Is there any problem in this MIPS code? Like address out of the bounds? What the meaning of the code?

Question

Description:

The line of code "addi $t0, $t0, 4" plus the address of the $t0 for 4 byte every cycle, But the address space of the Array is limited. I think it will be out of bounds.

The code follows:

.data
array: .word   1,1,1
tmp: .word   0 : 25

.text

      .globl main
 main:
      la         $t0, array
      li         $t1,  25
loop: lw         $t3, 0($t0)  
            lw         $t4, 4($t0) 
            lw         $t5, 8($t0) 
            add        $t2, $t3, $t4  
            add        $t2, $t2, $t5 
            sw         $t2, 12($t0)    
            addi       $t0, $t0, 4  
            addi       $t1, $t1, -1  
            bgtz       $t1, loop    
            li     $v0, 10                    # system call for exit
      syscall

I hope someone could help me to explian the purpose of the code, and tell me the problem of the code. Or maybe it is right and there are some wrong understanding in my mind.

Answer 1

What the meaning of the code?

That code is computing something similar to the 3-Fibonacci sequence, adding together 3 elements next to each other to produce the next.  It is first adding array[0], array[1], and array[2], and storing that in what would be array[3].  On the next iteration it will add array[1], array[2], and array[3] storing the result in array[4].  (I don't recognize the exact algorithm, maybe someone else can.)

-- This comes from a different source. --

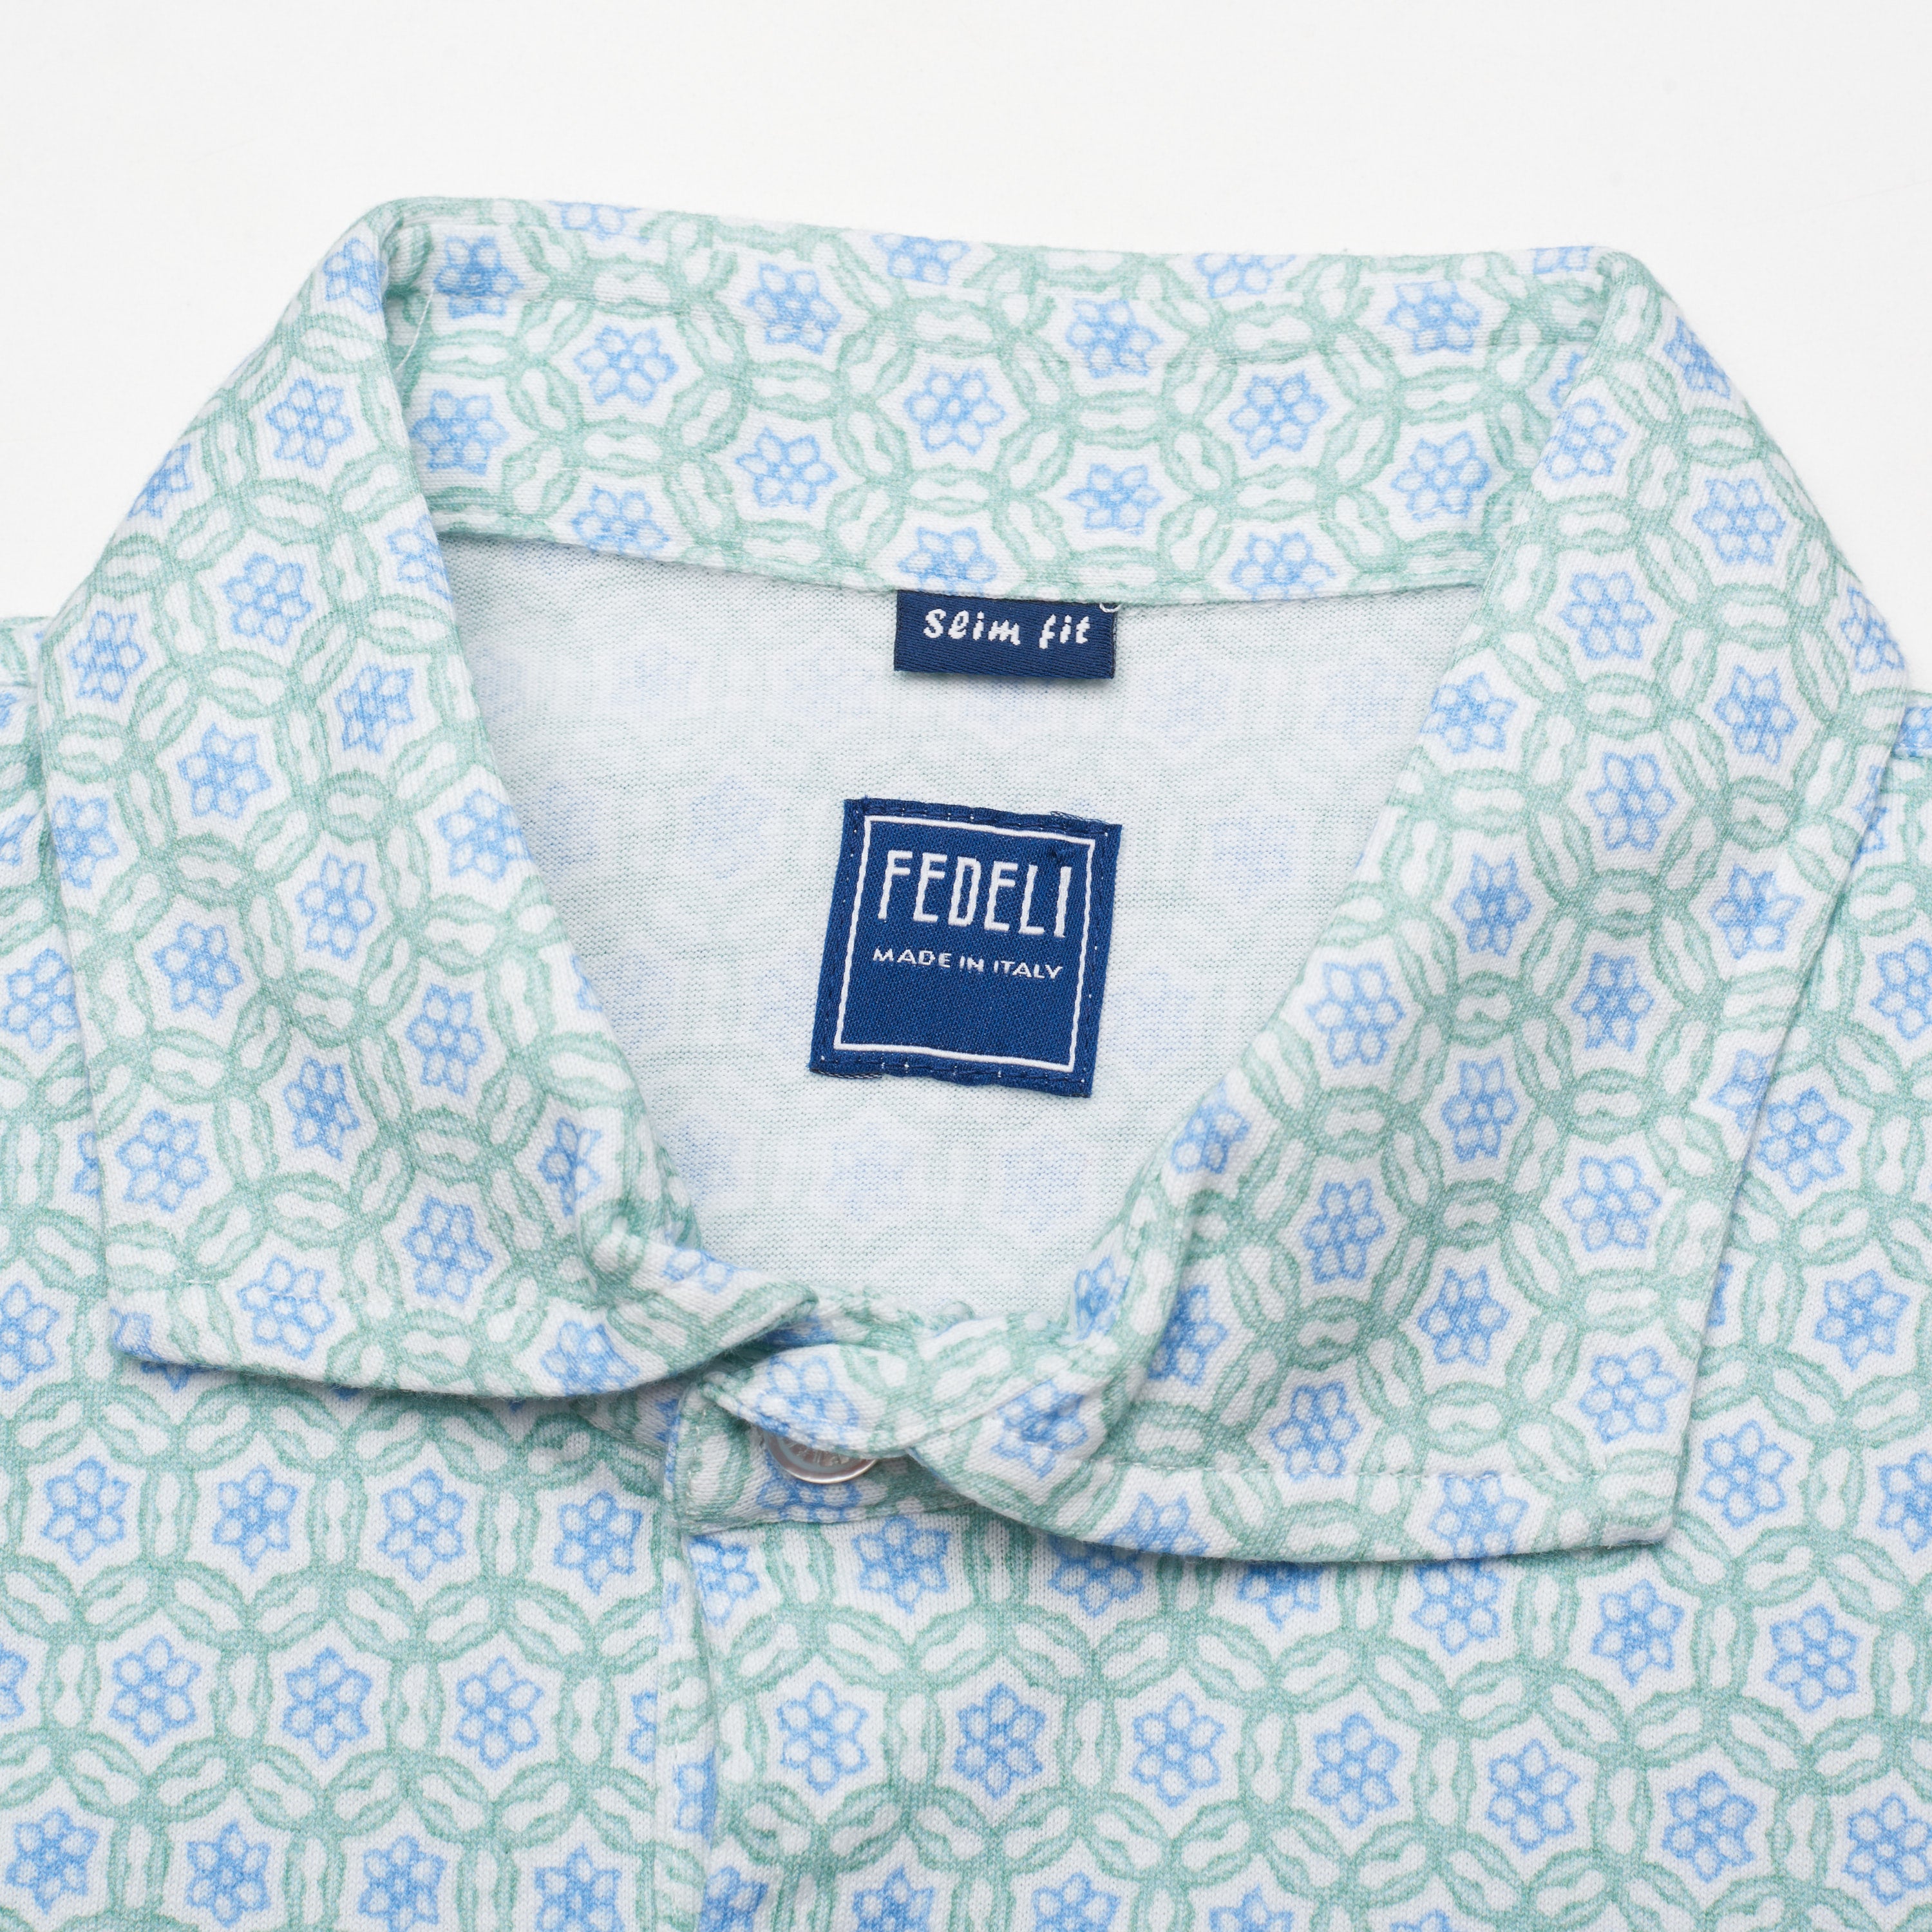 FEDELI "Zero" Green-Blue Floral Medallion Cotton Jersey Supima Polo Shirt NEW Sl FEDELI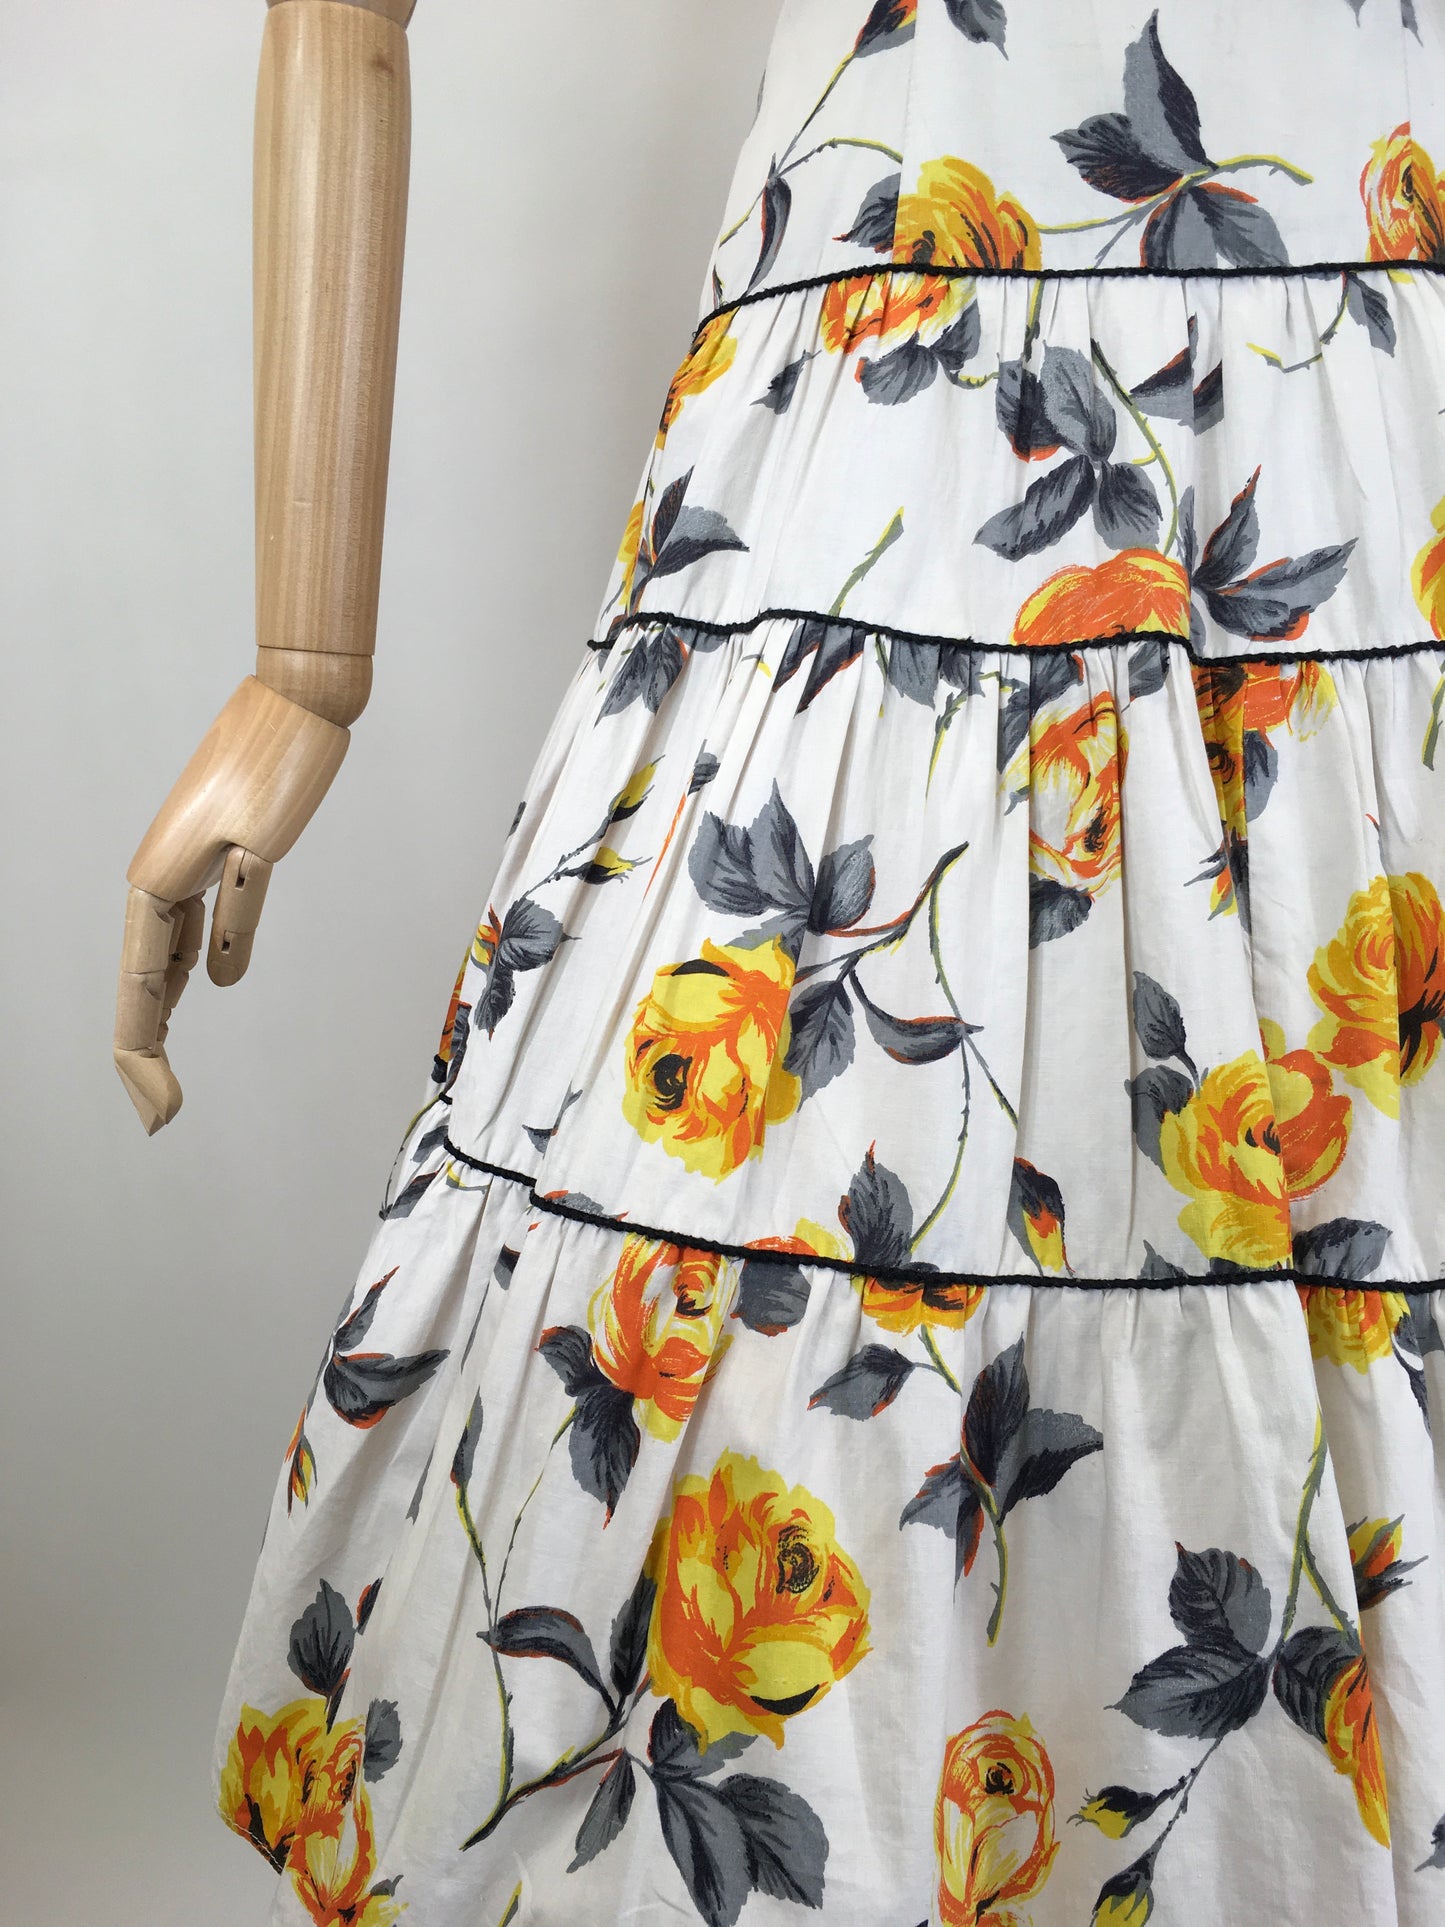 Original 1950's Darling Cotton Day Dress - In A Sunshine Yellow, Orange, Black and White

Key to understanding this code is that it uses the tmp space, which is declared immediately after the array, to hold the results (and future sources as well, which is what makes it similar to fib).

That declaration tmp: .word 0:25 means repeat 0, 25 times, creating 25 words of storage initialized with 0s.  So, the address of array[3] is the same as the address of tmp[0].

In assembly language, labels are not variable declarations, they are location declarations, i.e. labels have values and their values are address constants.

So, unlike other languages, in assembly we can rely on this kind of juxta positioning — the author has effectively declared a storage block of 28 consecutive words, the first 3 of which are initialized (with 1's) and the rest are initialized with 0's.  The address of the first word of this storage is given to the label array — while the address of the fourth word of this storage is given to the label tmp.

The label tmp is both unused and unnecessary and could be removed (but the .word 0:25 must remain following the array line).

The last iteration of the loop will access array[24], array[25], and array[26], summing them together and storing in array[27].  Remember that array[27] is equivalent to tmp[24], which is also the last element of that 28 word block.

Like address out of the bounds?

No.  If you can appreciate that the storage declared in the data section is really one unit or block of 28 words, then you'll see that it the code does not reference out of the bounds of that declared storage.

The C language, does not offer guarantees of relative positioning of two variables.  So, declaring an array of 1's immediately followed by the storage of zeros:

int array[3]={1,1,1};
int tmp[25];

and then coding the same algorithm in C using the above storage declaration, it will perform access out of bounds (which C is not required to detect).  Also because there is no ordering requirement of variables in C, that code might "work" if the compiler follows declaration ordering — however, it involves undefined behavior.